There are many other objects in Kubernetes, such as Namespaces, StatefulSets, Jobs, CronJobs, etc. You can see the complete list of available objects by typing kubectl api-resources in your terminal.

Where to practice Kubernetes
There are several ways to practice Kubernetes on your laptop, depending on your preferences and resources. Here are some of the options you can try:
• Minikube: This is a single-node Kubernetes cluster inside a virtual machine. You will need a virtualization option, such as VirtualBox or Hyper-V, to be installed on your laptop. The official website of Kubernetes provides complete instructions on how to get started with Minikube. You will also need kubectl, the command-line tool to deploy and manage applications on Kubernetes.
• KinD: This is a tool that lets you run Kubernetes clusters using Docker containers as nodes. You will need Docker installed on your laptop. KinD is designed for testing Kubernetes itself, but you can also use it for local development or learning.

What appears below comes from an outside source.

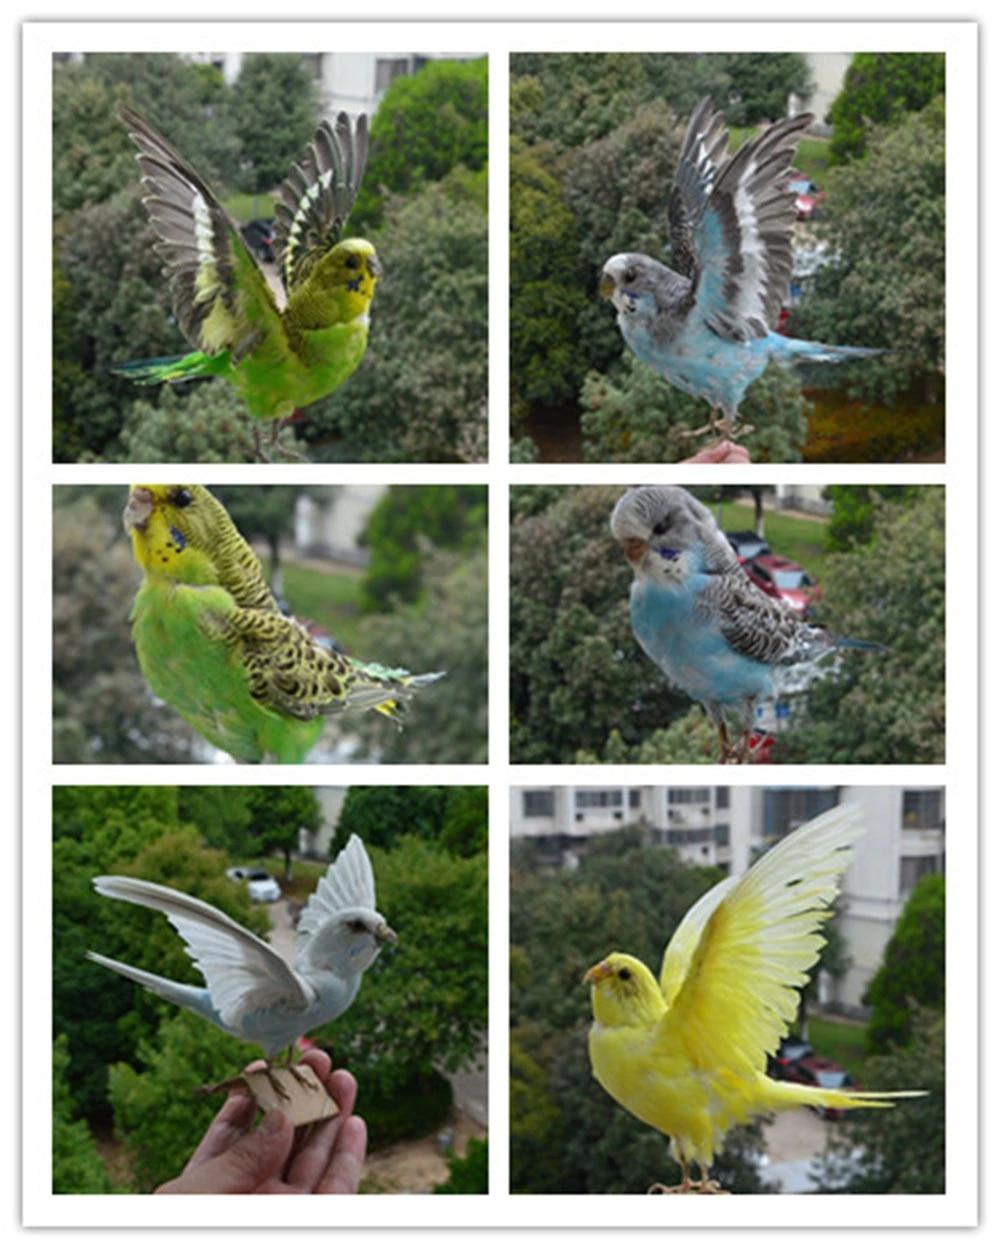 Decoration Taxidermy stuffing Eurasian Parrot specimen Teaching

• K3d: This is another tool that runs Kubernetes clusters using Docker containers. It is based on k3s, a lightweight Kubernetes distribution that works well on low-resource devices. You will need Docker and k3s installed on your laptop. K3d is easy to install and use, and it supports multiple clusters and load balancers.
• Play with Kubernetes: This is an online playground that lets you create and interact with Kubernetes clusters in your browser. You don't need to install anything on your laptop, but you will need an internet connection. You can use this platform to learn the basics of Kubernetes or try out different scenarios.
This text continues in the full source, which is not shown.